The technique of establishing who someone is and providing them with an identification number is known as ‘pinning’. It will also ensure any future records also follow them around through changes in job, address and surname.

Work carried out by Experian DataLabs helps us analyse and process data at speed.

As an example, we can now analyse up to 12 months of bank statement data in under a second, categorising income and sub-categories of income, as well as committed and discretionary expenditure.

To produce the experience customers expect, super-size analytics capability is a must. 

Investing for the future

The dashboard should be looked at as an opportunity for providers to re-engage people who have a passive attitude to their retirement savings. If they need any more motivation, it makes commercial sense for organisations to encourage people to put more money away. 

However, the dashboard brings risk as well as reward. The natural reaction for many people when they see a handful of pensions on their screen is to want to consolidate them into one, which logically will be easier for them to keep track of.

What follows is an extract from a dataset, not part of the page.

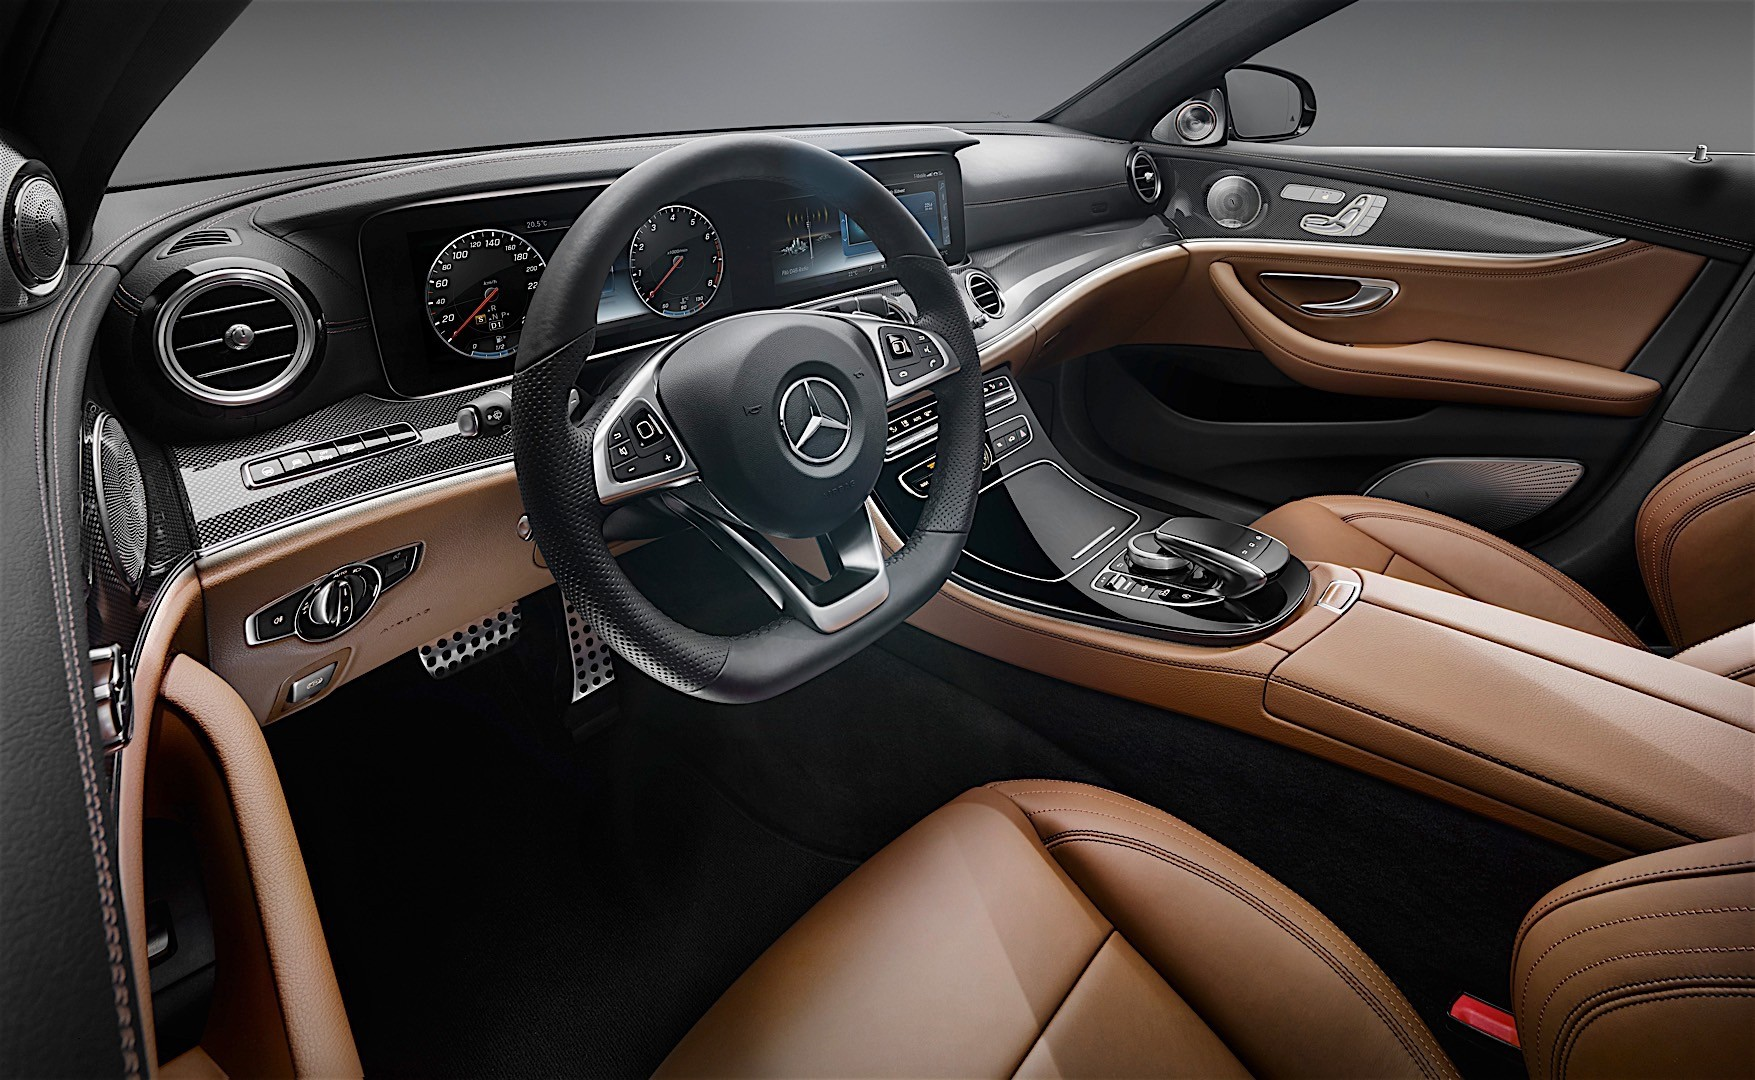 Noul Sprinter 2018 >> 2017 Mercedes-Benz E-Class Interior Officially Unveiled, Will Rival the S-Class - autoevolution

Clearly there will be winners and losers as people move through this process.

We asked people if they were to consider moving a series of smaller pensions savings accounts into just one, what would inform their decision.

The most persuasive aspect was not the charges for the service or analysis of past performance, but instead on the recognition of the brand and the strength of their relationship. We heard: “I know them and trust them” more frequently than “they will make me the most money”.

The answer for the brands that face being consolidated against is to improve their customer relationships through digital engagement, helping customers to manage their overall finances better, not just their pensions.

If you can help consumers to create more financial headroom through improved management of their credit card debt, or find them a more economical energy tariff, then it shows an ongoing interest in their finances and creates a tangible value exchange that in turn builds trust.

If a provider is trusted with finances today, it stands to reason they will be retained for tomorrow’s decisions.